- Full name: Japan Bible Society Interconfessional Version
- Other names: Bible Society Joint Translation Bible
- Abbreviation: JBSIV
- Language: Japanese
- OT published: 2018
- NT published: 2018
- Complete Bible published: 2018
- Derived from: New Interconfessional Translation Bible
- Textual basis: OT: Biblia Hebraica Stuttgartensia; Biblia Hebraica Quinta; Deuterocanonicals: Göttingen Septuagint; NT: UBS Greek New Testament (5th ed.); Novum Testamentum Graece (28th ed.);
- Publisher: Japan Bible Society
- Copyright: 2018 by Japan Bible Society, All Rights Reserved.
- Religious affiliation: Ecumenical (Catholic and Protestant)
- Webpage: www.bible.or.jp/online/jbsiv.html
- Genesis 1:1–3 初めに神は天と地を創造された。地は混沌として、闇が深淵の面にあり、神の霊が水の面を動いていた。神は言われた。「光あれ。」すると光があった。 John 3:16 神は、その独り子をお与えになったほどに、世を愛された。御子を信じる者が一人も滅びないで、永遠の命を得るためである。

= Japan Bible Society Interconfessional Version =

Japanese Bible translation, published 2018

The Japan Bible Society Interconfessional Version (JBSIV) (聖書協会共同訳聖書, Seisho Kyōkai Kyōdōyaku Seisho) is a Japanese translation of the Bible published in 2018 by the Japan Bible Society. It is a revision of the New Interconfessional Translation Bible (NIT) of 1987, the first revision in 31 years.

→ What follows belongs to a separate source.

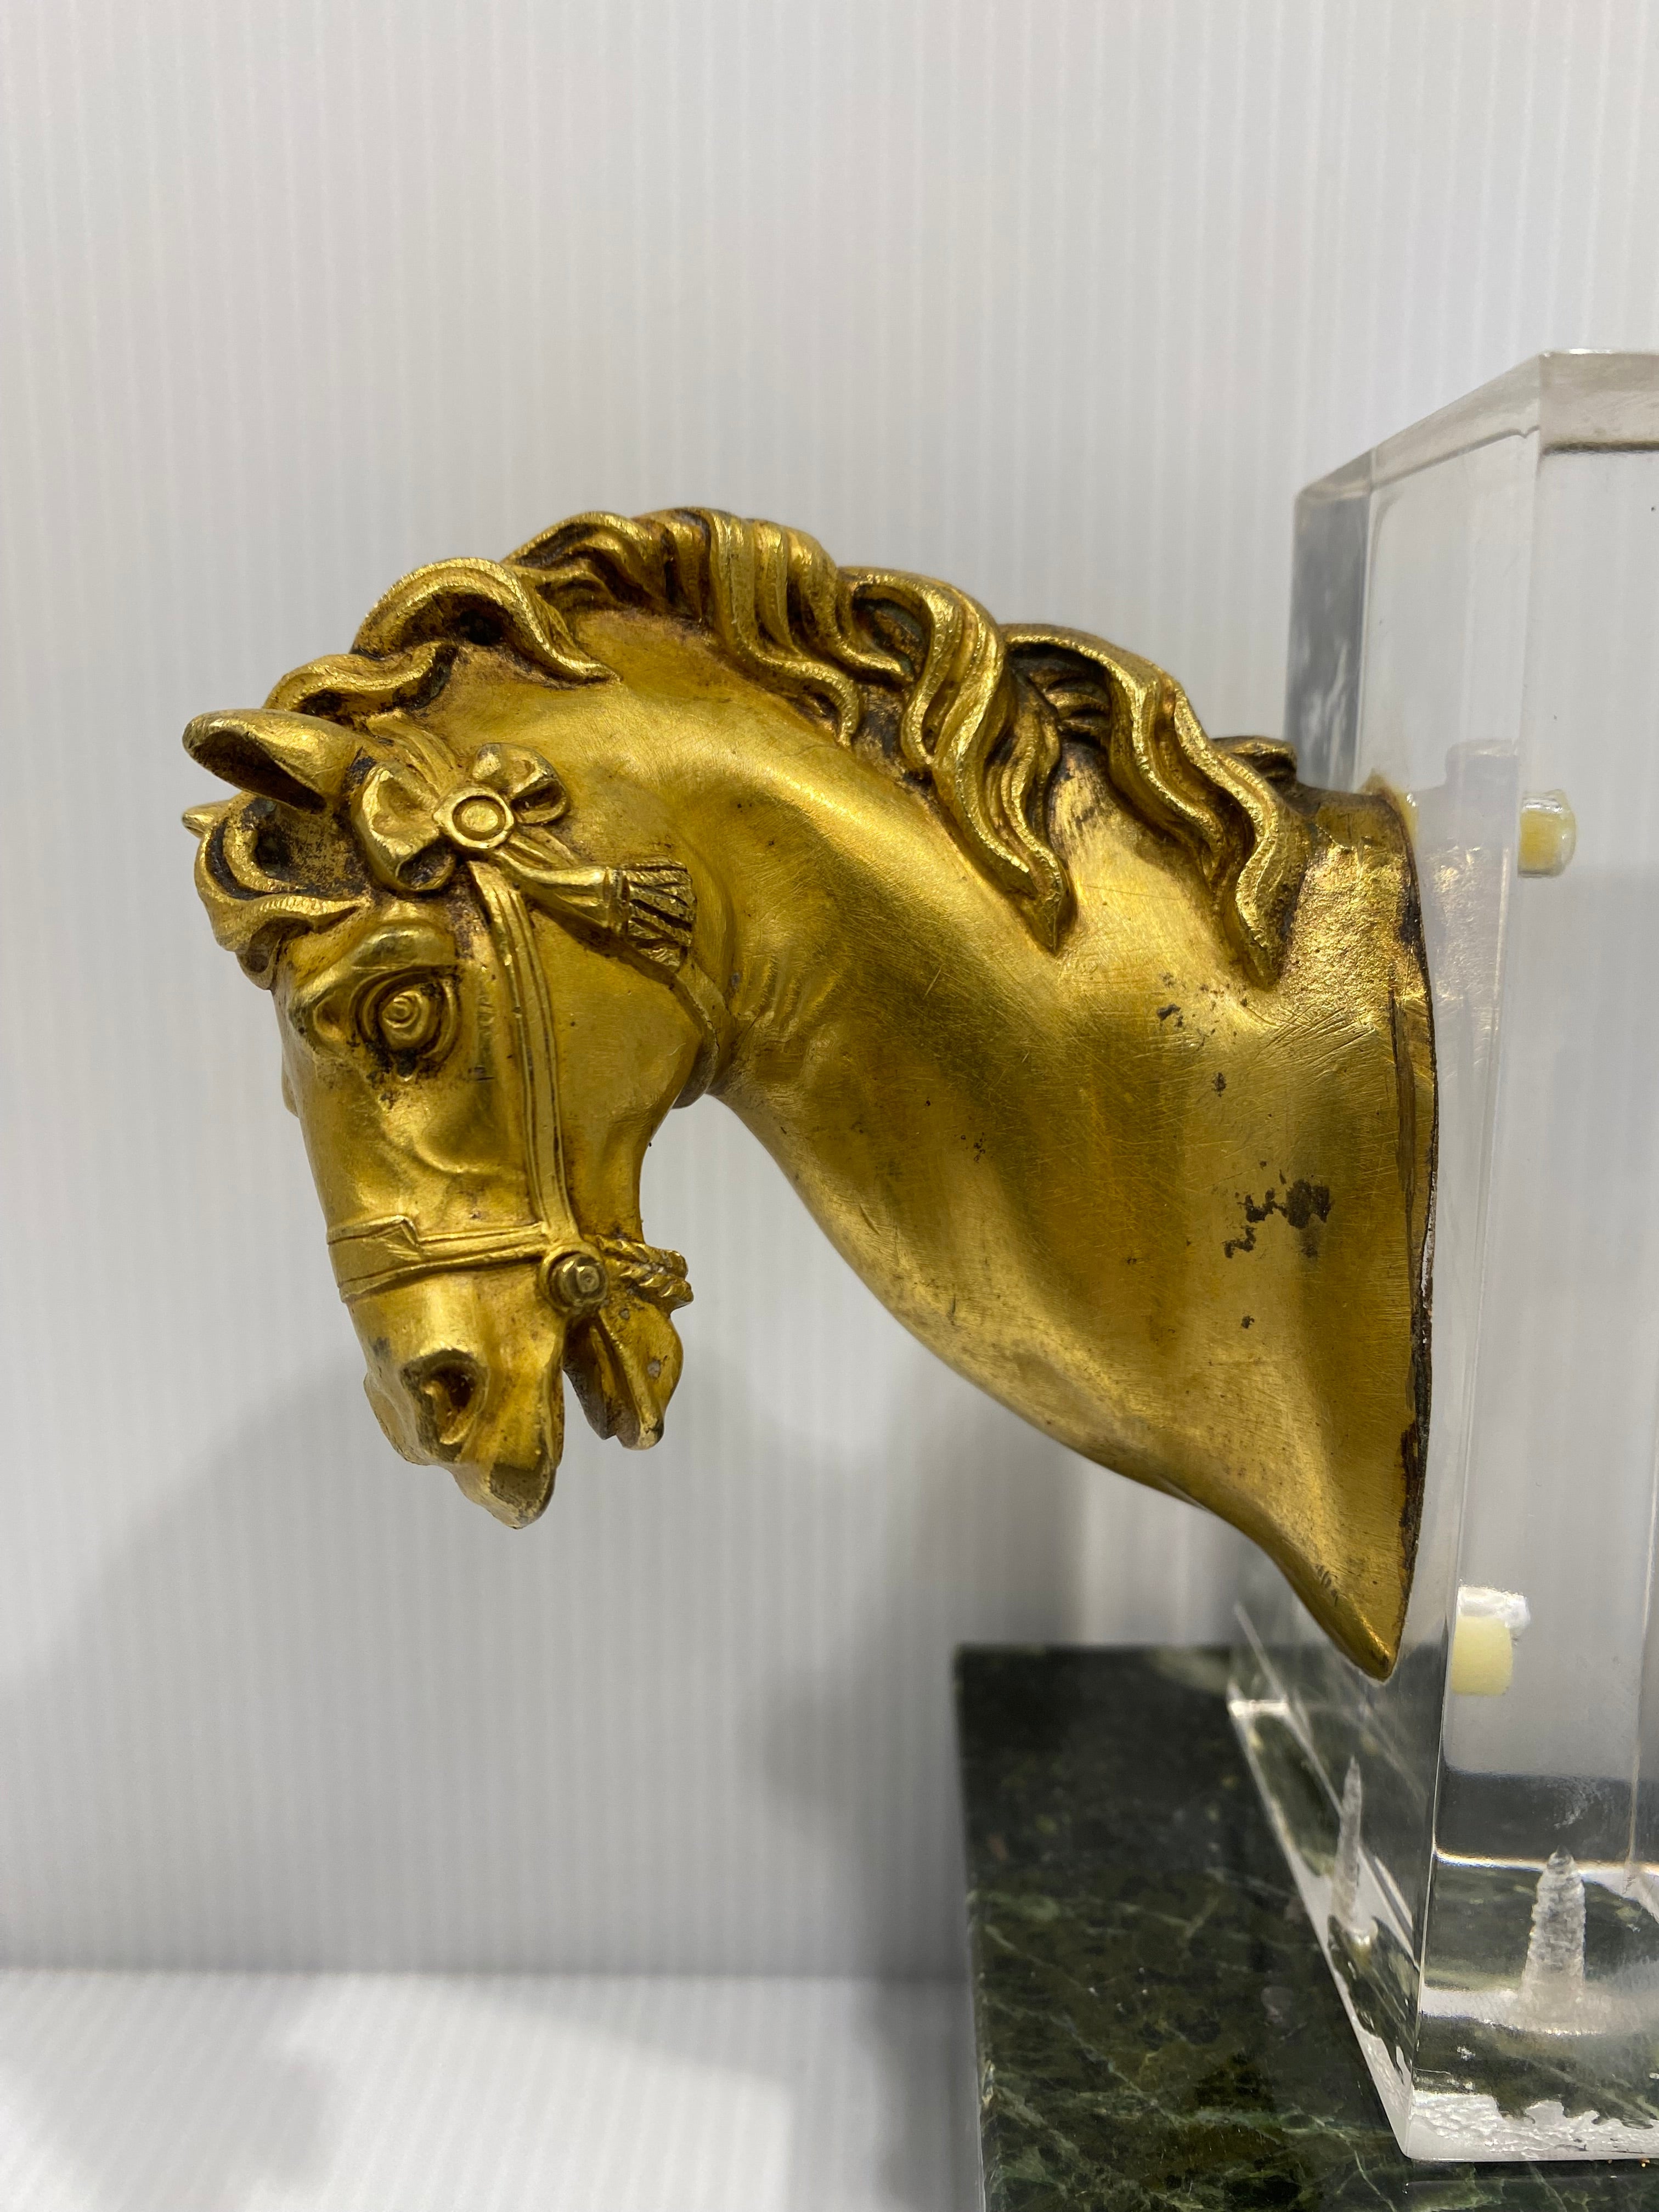 Antique gilt bronze Horse Head Sculpture, Decorative Part of an Italian Country House.

Like the NIT, the JBSIV is an ecumenical translation of the Bible by Japanese Catholic and Protestant Christians. Their aim, as with its predecessor, was to create the standard version of the Bible for the "next generation" of Christians, used for worship and study by both Catholics and Protestants in Japan. The translation team was made up of 60 percent Protestants and 40 percent Catholics.

==History==
The 1987 translation, despite becoming the most used version of the Bible in Japan with 80 percent of Christians and 70 percent of churches (as well as the entirety of the Catholic Church in Japan) using it, according to a survey by the Japan Bible Society in 2005, was subject to scrutiny in a 2010 questionnaire published by Kirishin (キリスト新聞, Kirisuto Shimbun) when inconsistencies in the translation of words throughout the text were pointed out and the public expressed interest in a revision in order to improve it. These inconsistencies originated from a sudden shift in translation philosophy, from dynamic equivalence to formal equivalence, partway through the original translation, and even dating back to the 1978 Interconfessional Translation New Testament. The most notable inconsistencies were found in the Gospels, the Book of Job, and the Psalms.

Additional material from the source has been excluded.